In 2015, the lycée was ranked 29th out of 109 at départemental level in terms of teaching quality, and 255th at national level. The ranking was based on three criteria: the level of bac results, the proportion of students who obtain their baccalauréat results having spent the last two years at the establishment, and added value (calculated based on the social origin of the students, their age, and their national diploma results).

=== Preparatory classes ===

The lycée Jean-Baptiste-Say offers three scientific preparatory classes : PSI, PT, BCPST.

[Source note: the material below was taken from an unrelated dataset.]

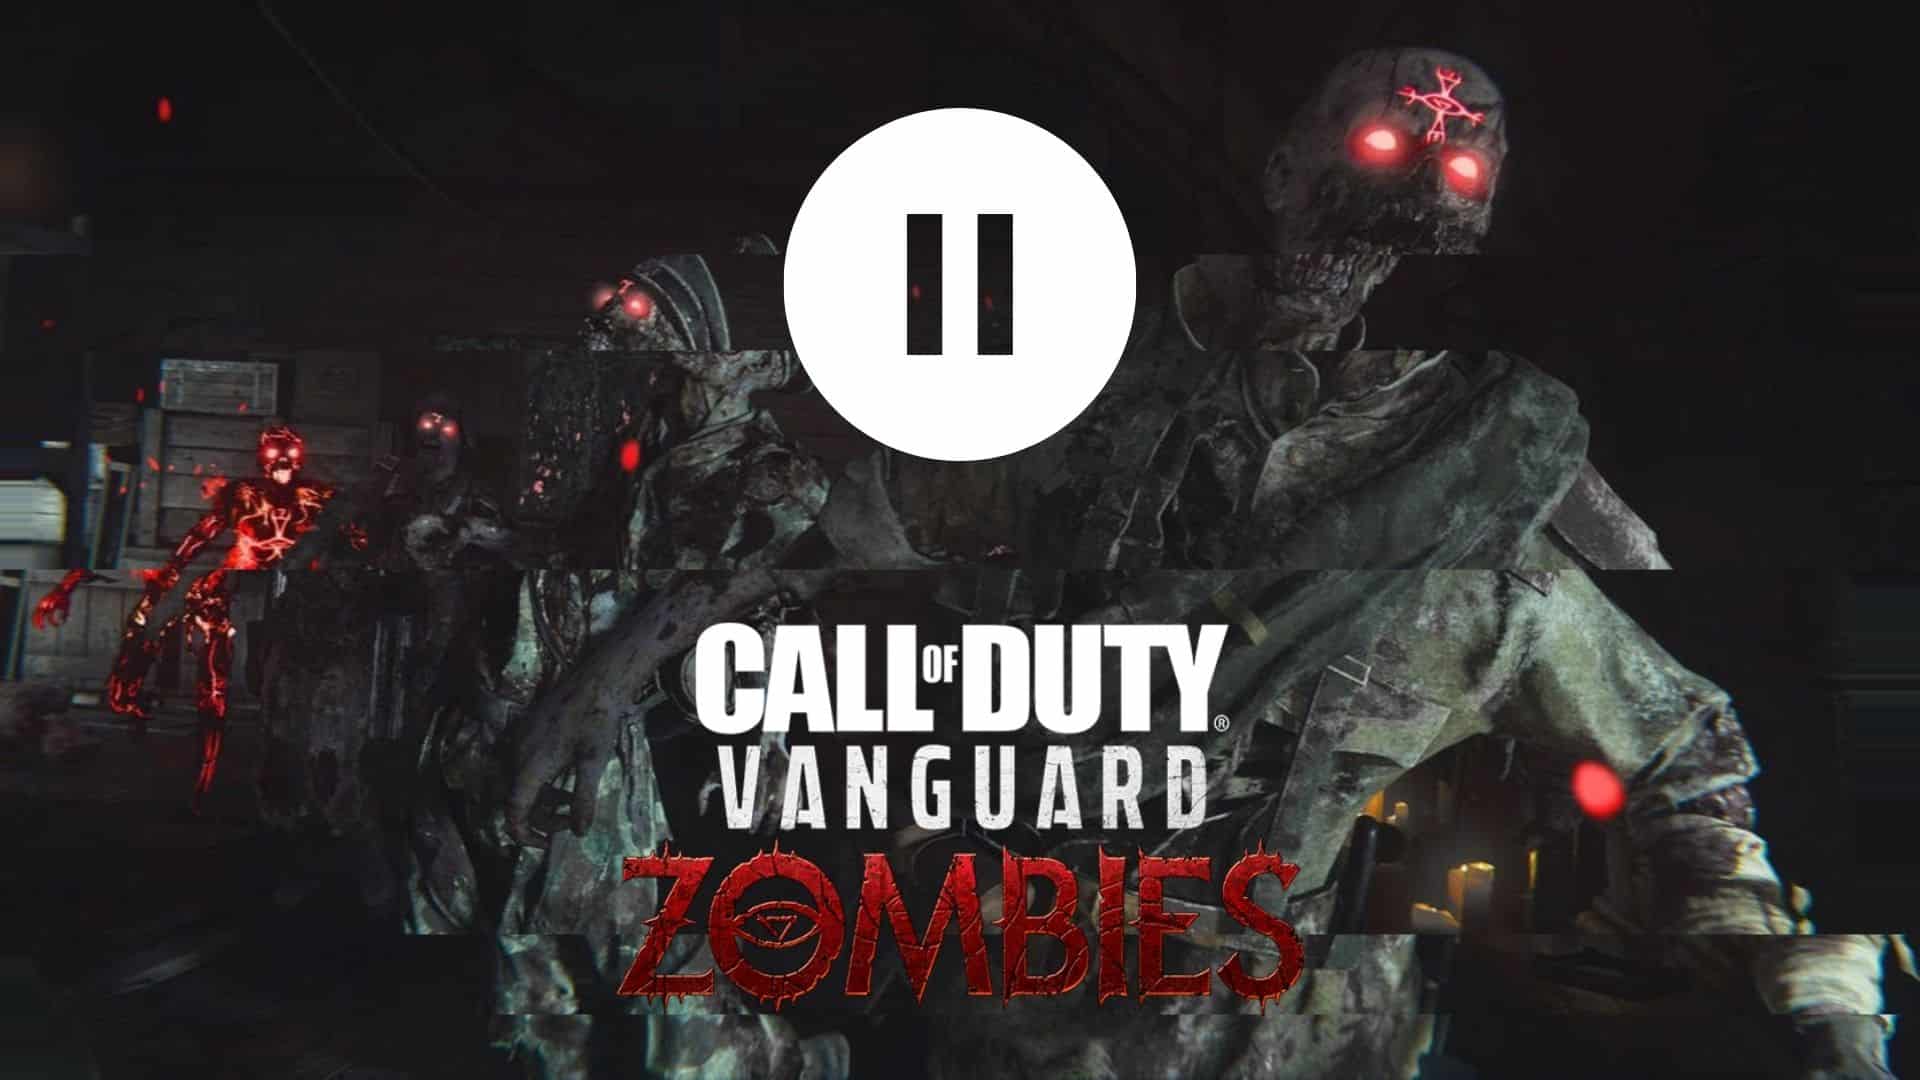 Vanguard Zombies: Is there Call of Duty Split Screen and can I pause?, Gaming, Entertainment

In 2017, L'Étudiant gave the following results for the courses of 2016 :

| Stream | Students admitted to a grande école* | Admission rate* | Average rate over 5 years | National ranking | Rate year-on-year |
| PSI / PSI* | 5 / 34 students | 17.2% | 14.9% | 28th out of 120 | = |
| PT / PT* | 34 / 39 students | 83.3% | 85.4% | 2nd out of 62 | −1 |
| BCPST | 24 / 39 students | 61.5% | 45.9% | 11th out of 53 | +3 |
Source : Classement 2017 des prépas – L'Étudiant (Concours de 2016). * the rate of admission depends upon the grandes écoles used in the study. For the scientific stream, it is a group of 11 to 17 engineering schools chosen by L'Étudiant for the streams (MP, PC, PSI, PT or BCPST).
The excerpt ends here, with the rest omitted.